SAN FRANCISCO — Illumina will not be the only array vendor submitting a cytogenetics-focused array to the US Food and Drug Administration for clearance this quarter. Affymetrix CEO Frank Witney told investors at the JP Morgan Global Healthcare Conference here this week that the company is on track to submit its CytoScan array to the agency in Q1.
Both companies had vowed to submit arrays for postnatal constitutional cytogenetics to the FDA by the end of last year. Illumina appeared close to meeting that goal, but CEO Jay Flatley said earlier this week that the company had delayed its submission (BAN 1/8/2013). With Witney's update, it appears that two of the major providers of cyto arrays will submit their chips to the agency at the same time.

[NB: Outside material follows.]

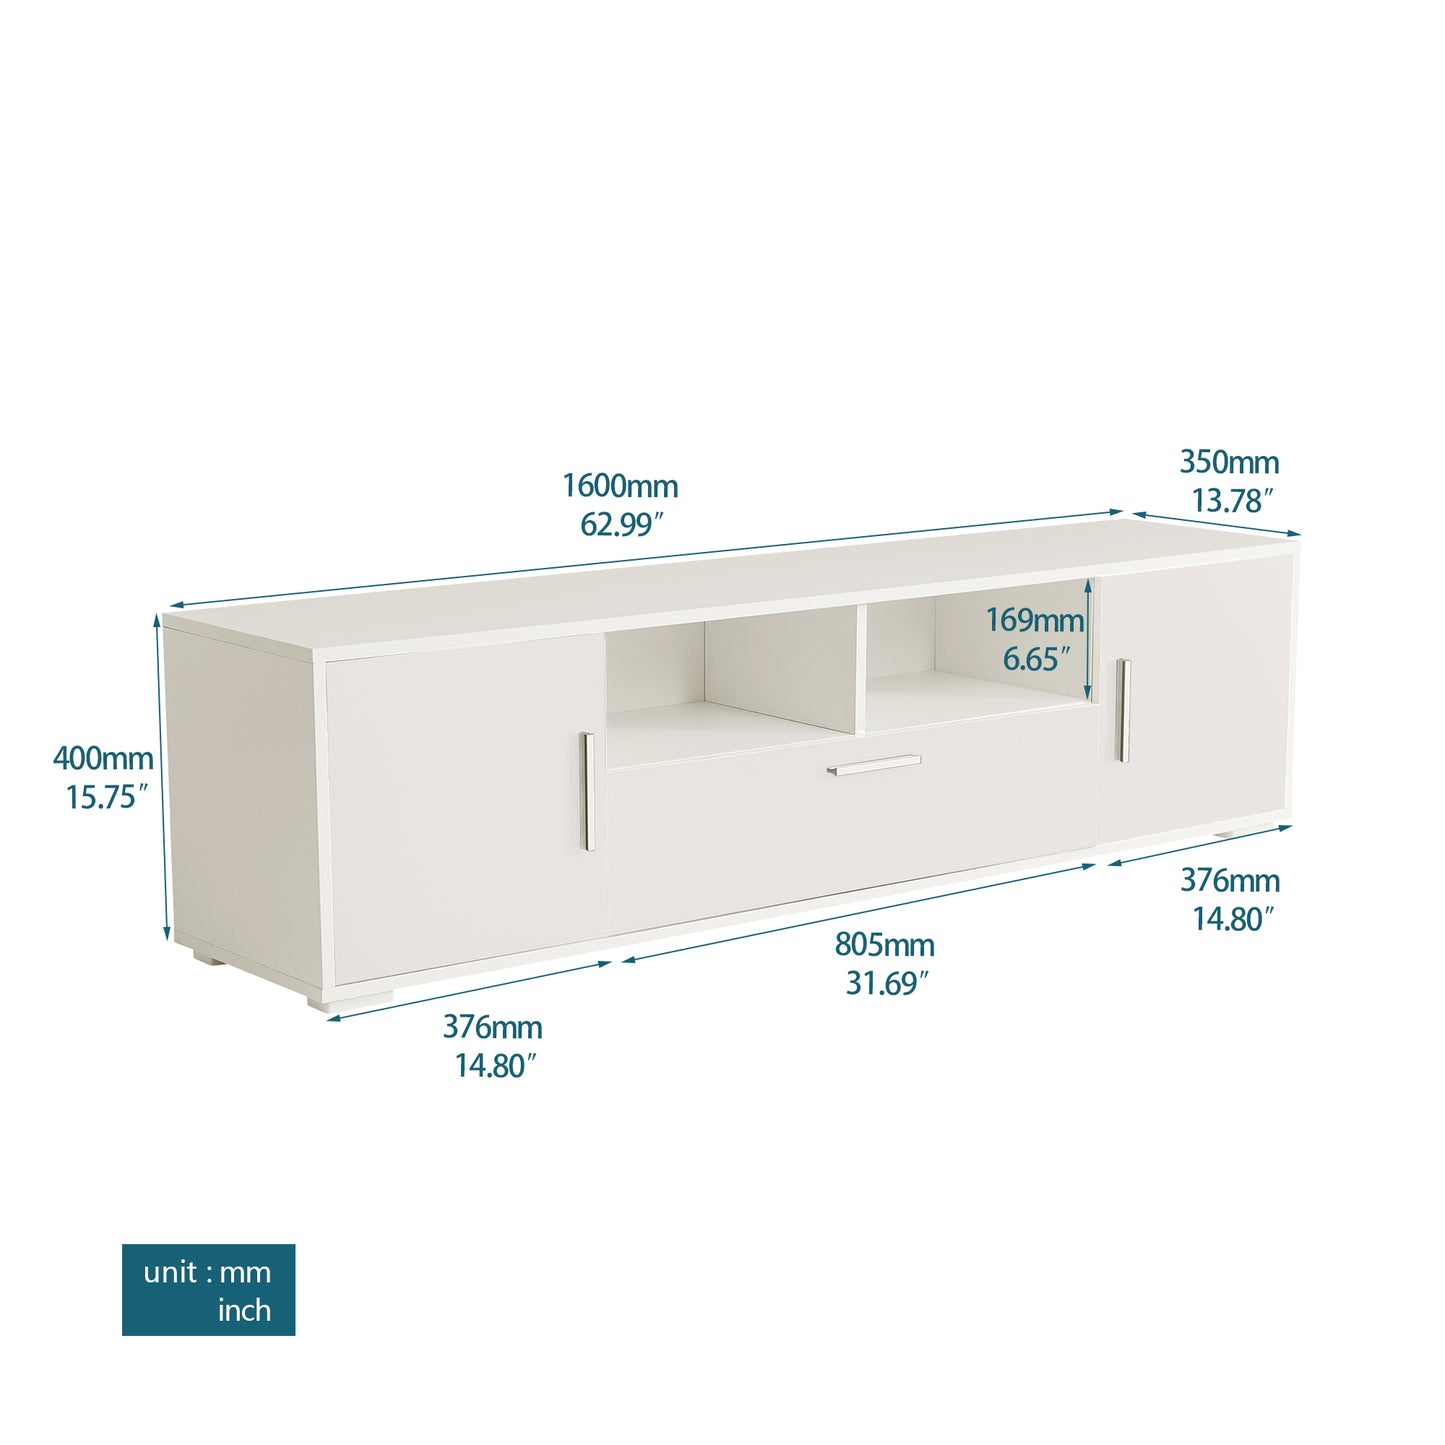 QUICK ASSEMBLE WHITE modern TV Stand, only 20 minutes to finish assemble, with LED Lights, high glossy front TV Cabinet, can be assembled in Lounge Room, Living Room or Bedroom, color:WHITE

Witney discussed Affy's FDA filing in the context of the company's overall status. In addition to discussing various opportunities for its genotyping, gene expression, life science reagents and eBioscience business units, Witney also commented on the company's 2012 preliminary financial results and provided additional detail on a restructuring plan that will see the Santa Clara, Calif.-based company trim 100 employees, or 8 percent of its staff, in order to reduce costs and return the firm to profitability.

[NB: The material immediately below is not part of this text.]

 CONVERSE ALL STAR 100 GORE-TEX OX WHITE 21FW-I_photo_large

Obtaining FDA clearance is part of that plan. While larger laboratories that already offer CytoScan as a laboratory-developed test will not be impacted by the clearance, company executives said that the agency's go-ahead will allow it to approach smaller labs and to market it for clinical use in other regional markets.
"A lot of labs that cannot go through the certification and validation [associated with introducing an LDT] will now have an FDA-cleared product they can offer themselves," said Andy Last, director of Affy's genetic analysis business. Clearance in the US also "becomes a baseline for adoption around the world," said Last, who spoke during the firm's breakout session. In some countries, such as China, products cannot be submitted for regulatory clearance as clinical assays before they achieve such clearance in their country of origin (BAN 11/27/2012).

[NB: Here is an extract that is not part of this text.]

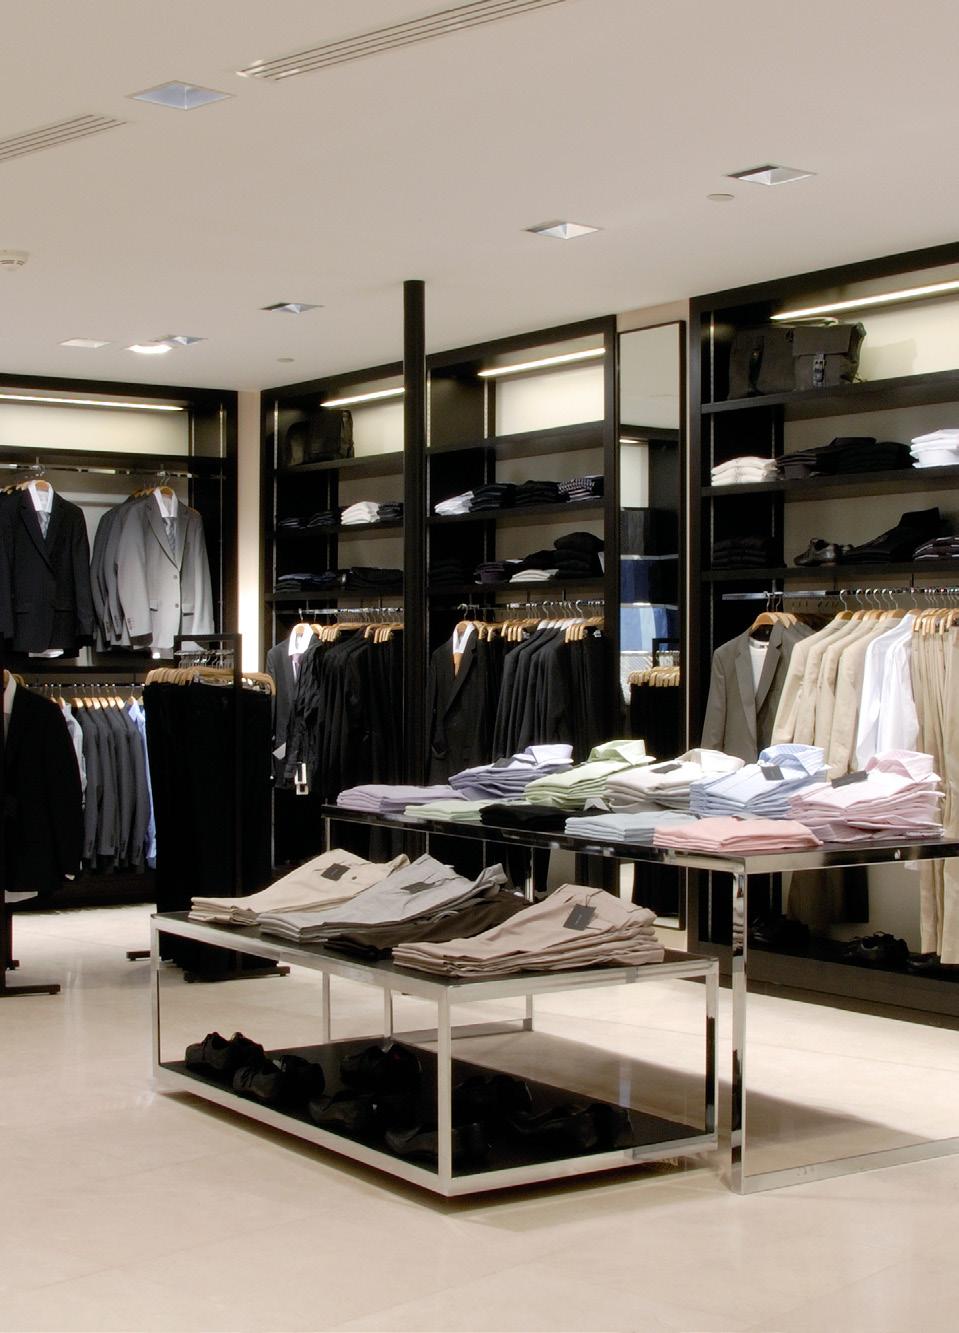 Business Benefits Shows the product image on the interactive mirror Suggests related clothing items and accessories Provides valuable data on what s being tried on or left behind Zara Leading apparel

Affy will also be able to market CytoScan for clinical use once it achieves clearance, noted Doug Farrell, the firm's head of investor relations, during the breakout session. The company currently markets the chips as research devices that are used as components of labs' LDTs.
Affy's CytoScan offering is one of the growth drivers in its genetic analysis business unit, which also includes its Axiom genotyping products and is the company's "fastest growing" unit, Witney said. According to Witney, sales of the company's Axiom arrays grew 50 percent last year, largely due to an increased demand for targeted genotyping chips. Illumina CEO Jay Flatley also noted this week that demand for his company's targeted genotyping arrays increased compared to the prior year.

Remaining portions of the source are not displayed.